## Data extract

━━━━━━━━━━━━━━━━━━━━━━━━━━━━━━

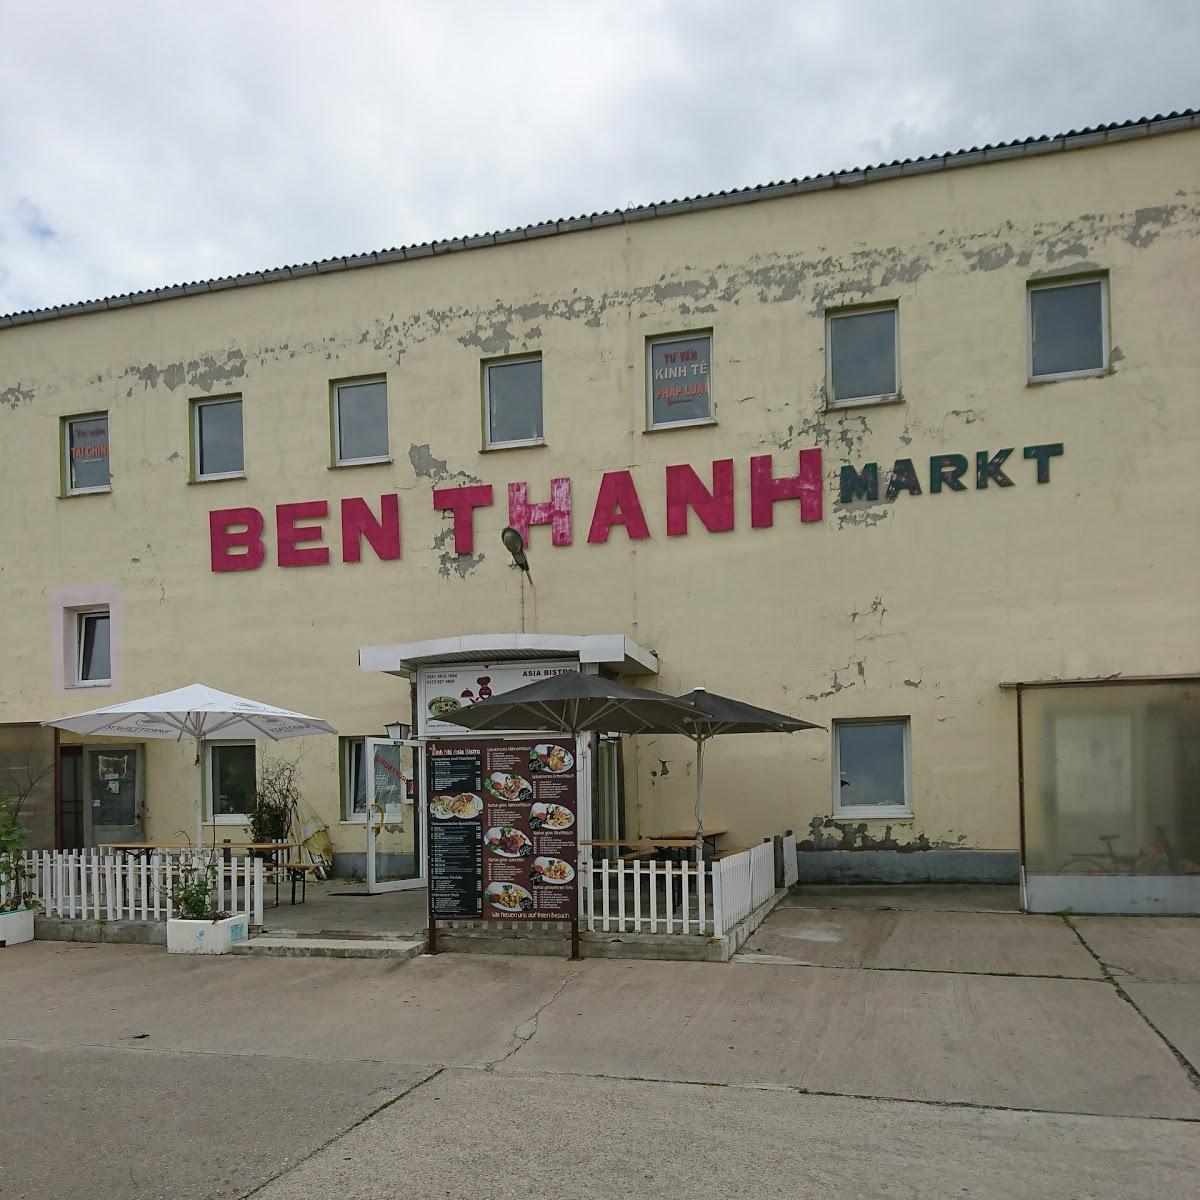 Restaurant "Benthanh Markt GmbH Großhandel" in Leipzig
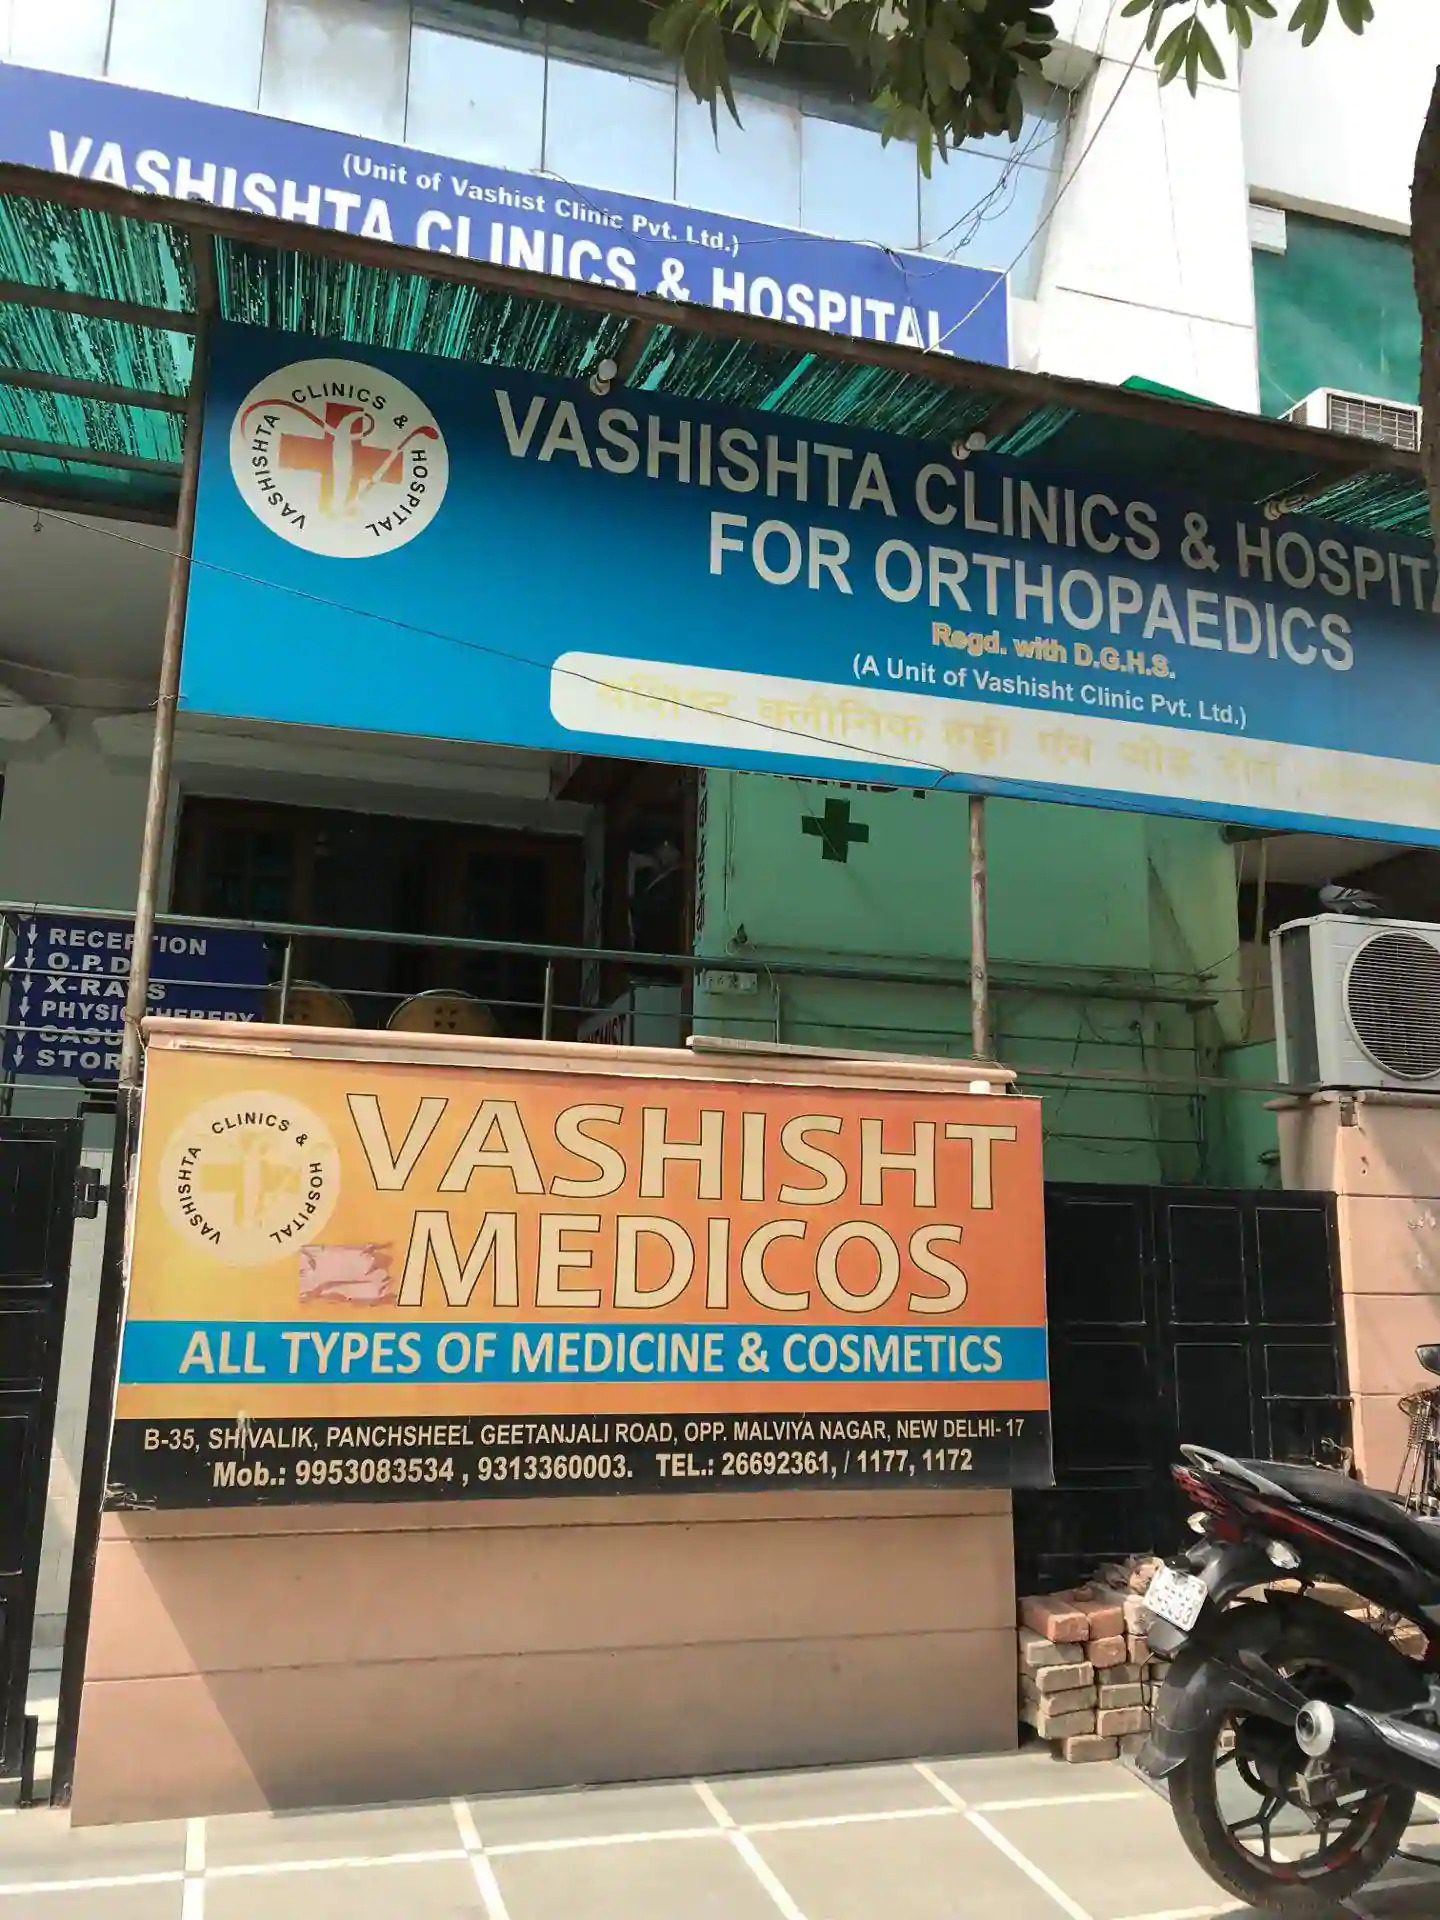 Vashishta Clinics And Hospital For Orthopaedics photo
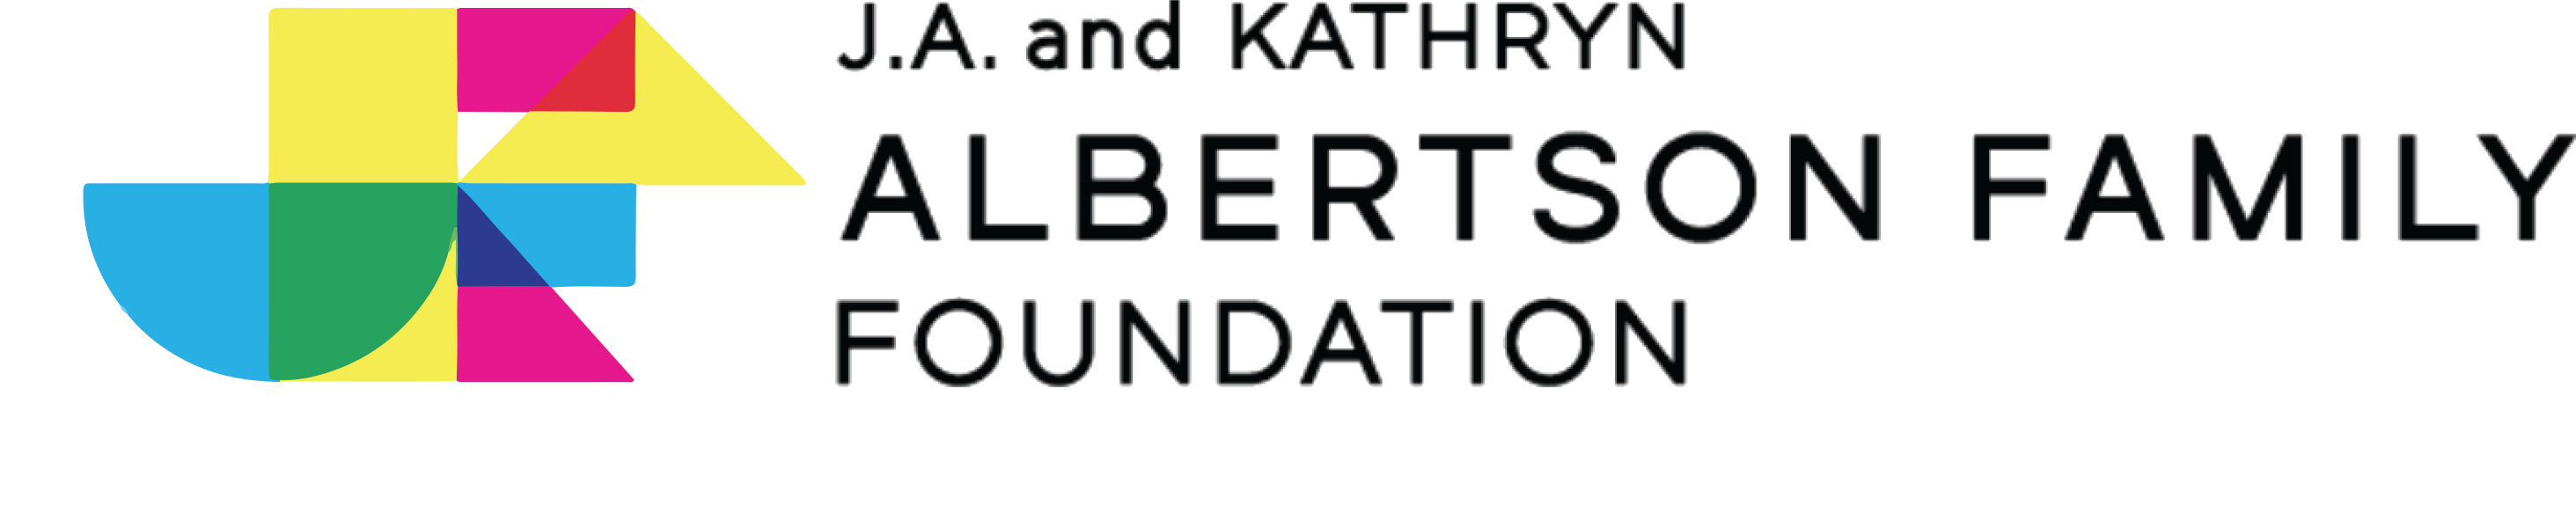 albertson family foundation logo

━━━━━━━━━━━━━━━━━━━━━━━━━━━━━━

## Goal of the exercise
From the line containing "Vashishta Clinics And" to the last line of the material, every line is to be reproduced exactly. No picture belongs in the copy.

## Written answer
 Vashishta Clinics And Hospital For Orthopaedics photo
 albertson family foundation logo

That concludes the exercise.